- Miranda in 2026
- Born: Luis Antonio Miranda Concepción August 23, 1954 (age 72) Vega Alta, Puerto Rico
- Education: University of Puerto Rico (BA) New York University
- Political party: Democratic
- Spouse: Luz Towns-Miranda
- Children: 3, including Lin-Manuel
- Relatives: José Miranda (nephew)

= Luis A. Miranda Jr. =

Puerto Rican political strategist, philanthropist, and advocacy consultant (born 1954)

Luis Antonio Miranda Concepción (born August 23, 1954) is a Puerto Rican political strategist, philanthropist, advocacy consultant, and author of the book Relentless: My Story of the Latino Spirit That Is Transforming America. He is the father of playwright Lin-Manuel Miranda.

== Early life ==
Miranda was born and raised in Vega Alta, Puerto Rico. He moved from Puerto Rico to New York City at 18 when he received a scholarship from New York University. He earned his Bachelor of Arts from the University of Puerto Rico and pursued graduate work in psychology at New York University.

== Career and activism ==
In the 1980s, Miranda was a special advisor for Hispanic Affairs to the Mayor of New York City Ed Koch, serving as Director of the Mayor's Office for Hispanic Affairs from 1987 to 1989. In 1989, Luis was made a part of the Board of the NYC Health and Hospitals Corporation by Mayor Koch and also served on the board under the Dinkins administration. In 1993, Miranda was appointed by Mayor Rudolph Giuliani as chairman to the Board of the NYC Health and Hospitals Corporation.
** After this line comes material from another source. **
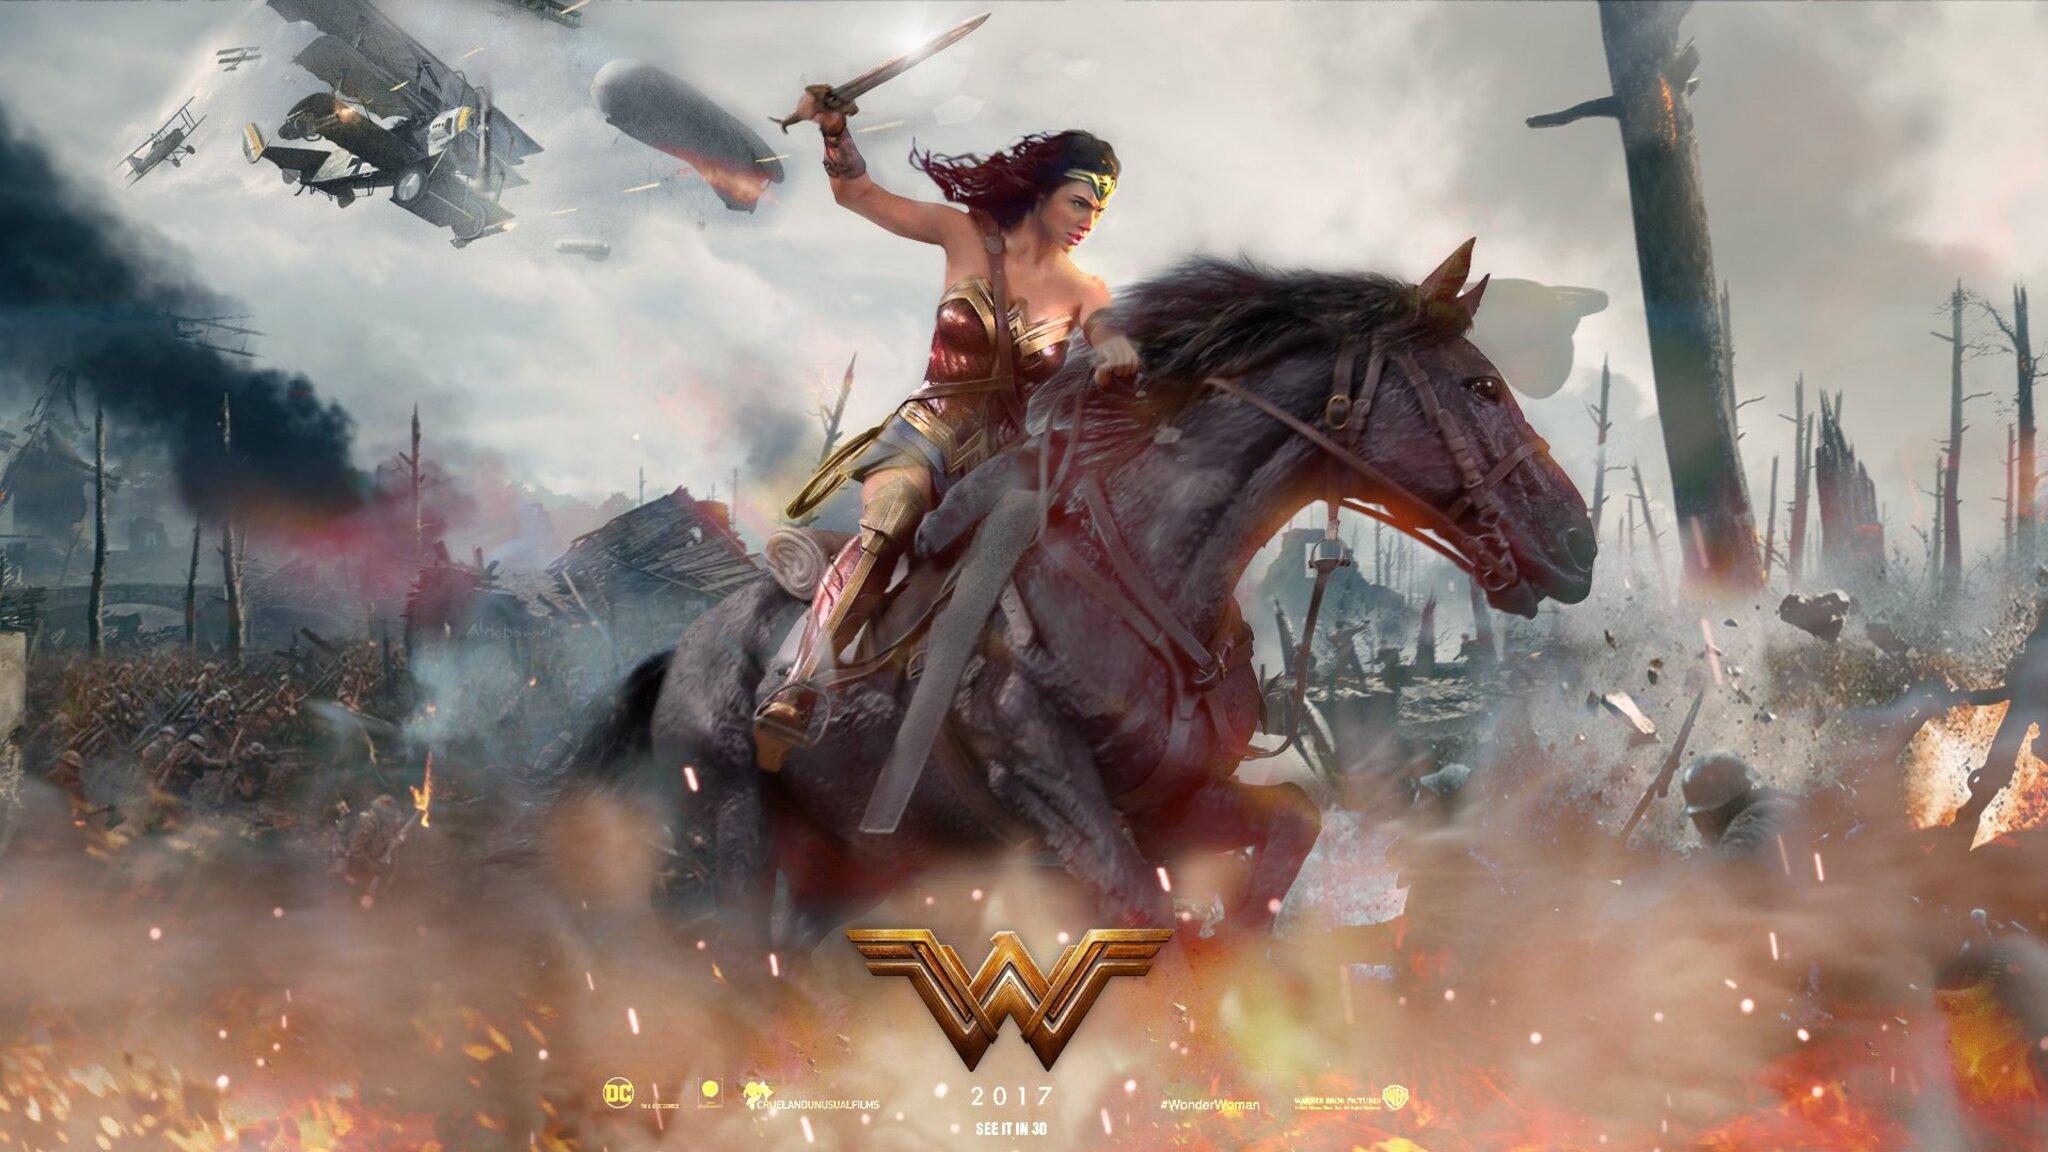 2048x1152 Pubg Fan Art 2048x1152 Resolution Hd 4k: 2048x1152 2017 Wonder Woman Movie Fan Art 2048x1152

Miranda has served as a political consultant on several high-profile political campaigns, including those for Hillary Clinton and Chuck Schumer. Both in 2001 and 2005, Miranda led Fernando Ferrer's mayoral campaigns. Miranda was also a political consultant for Letitia James, the Attorney General of New York.

Miranda is a founding partner of the MirRam Group which focuses on political and advocacy consulting. Miranda was also a founder and first president of the Hispanic Federation in 1990. Miranda was also the director of field services and research at the National Action Council for Minorities in Engineering, and held leadership positions at the Community Service Society, the NYC Department of Employment, the NYC Board of Education, and Aspira of New York. He is currently the chairperson of The Broadway League's Latino audience development program, Viva Broadway. Miranda is the vice-chair of the Northern Manhattan Arts Alliance and a member of the advisory boards to Nielsen Ratings and R.Evolucion Latina.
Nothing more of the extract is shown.